OK, this story of semiosis as "the stable realm of symbol regulating the instability of material reality" works for life and mind. Then pansemiosis would extend that to the physical world in general.
And again, this is simply just the view that physics has been backing into for about 100 years now. Quantum mechanics tells us the Cosmos is fundamentally indeterministic and then needs "a context" to collapse its uncertainty. What creates material stability is thermal decoherence. And this context, this history, is then "written into" thermal event horizons. The holographic principle shows that the physics of "material events" is ruled by the "information content" that can be encoded on the "surface" of a physical region of spacetime.
So it sounds odd if - as MU does - we try to understand pansemiosis in terms of the Cosmos literally having some kind of mind that is interpreting physical events as symbolic activities. This starts to sound like the pan-psychism of Whitehead and his prehending particles. Atoms are reading each other as signs rather than just colliding like material billiard balls. Spooky, hey?
But still, modern physics actually has rejected the material billiard balls now. Two particles crash into each other and recoil in some far less material way. In quantum language, the collision starts to become a blizzard-like exchange of virtual particles - tiny messages that you are getting too close to me and need to start backing off. The pressure of exchanges increases until the other particle is forced to veer off.
And then as we really step back to a quantum field description, the reason why two particles bounce off each other becomes just some kind of statistical effect - an completely informational one. The probabilities of where the two particles ought to be becomes exponentially "anywhere except as close as this". Even the last material connection of virtual particles has vanished. The quantum picture has switched to one of pure sign. All the physics can properly describe is the abstract image of a completely generic wavefunction. Somehow an observer must then intrude "physically" to tell us what actually happened on this or that particular occasion with the same kind of probabilistic set-up.
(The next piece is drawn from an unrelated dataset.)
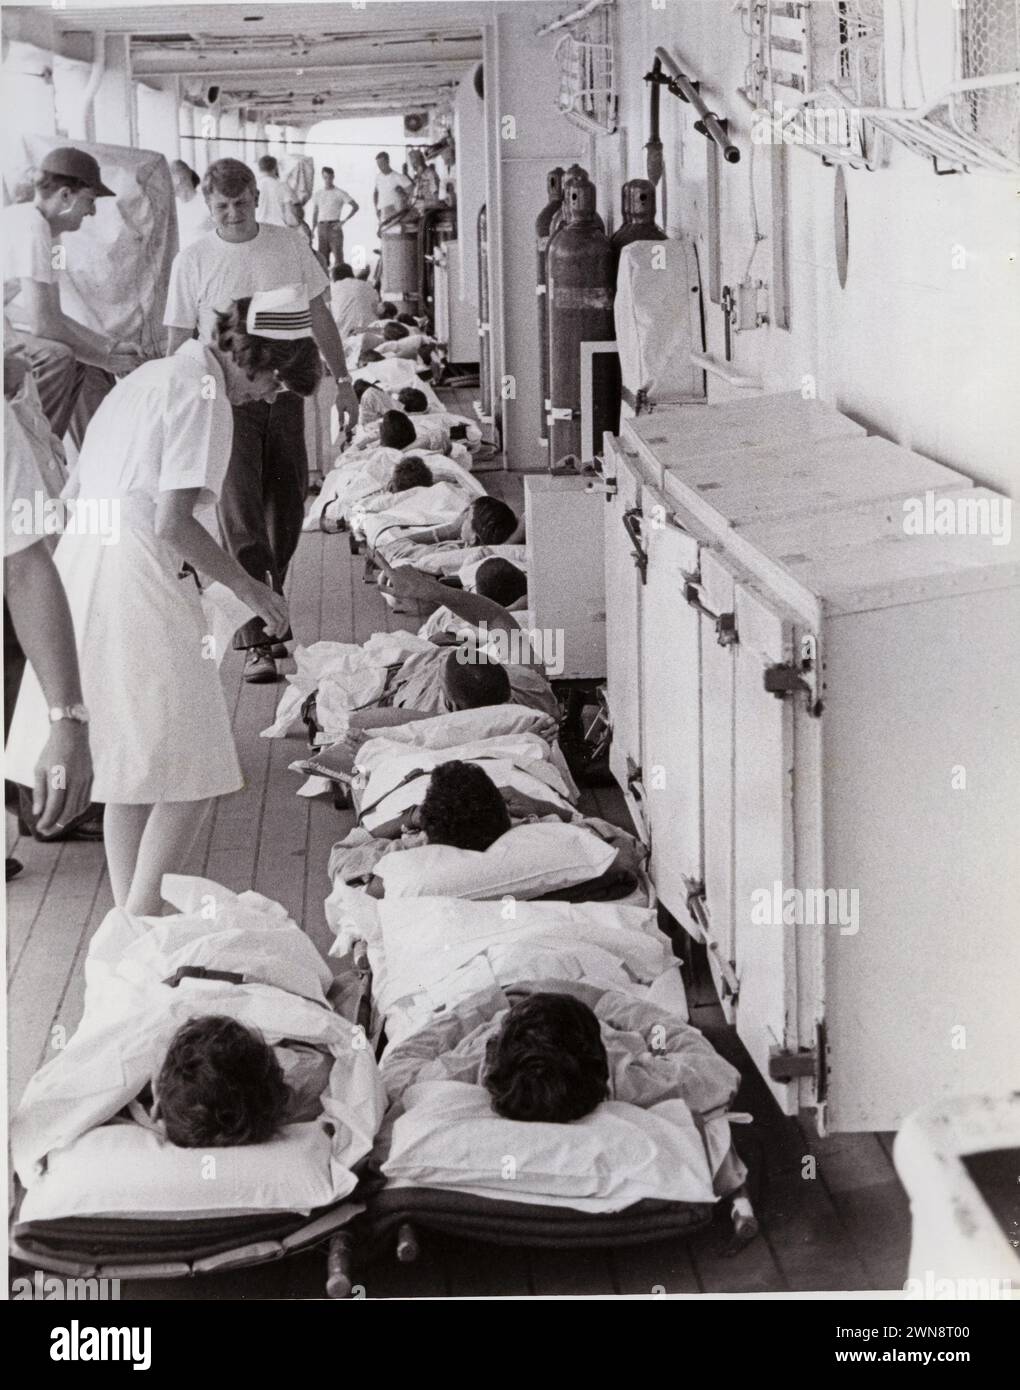 South China Sea. A Navy Nurse attends the sick and wounded on stretchers on the deck of the hospital ship USS Sanctuary (AH-17) moored in Da Nang Harbor. The men have just arrived aboard by a medical evacuation helicopter..     Nurse Corps aboard Hospital Ships.04/1970; Stock Photo

So I accept that pan-semiosis sounds weird. But reality is weird! And pan-semiosis is a metaphysics weird enough to account for all of the phenomena that science is most concerned about. It is a metaphysical machinery that can span the gamut from the quantum to the cosmic, the physical to the mental. Even if physics ends up calling it something else, it will still be pansemiotics as Peirce originally envisioned it. And it is quite nice that in theoretical biology at least, a conscious connection to Peirce has been forged in the public embracing of "biosemiosis" over the past 20 years.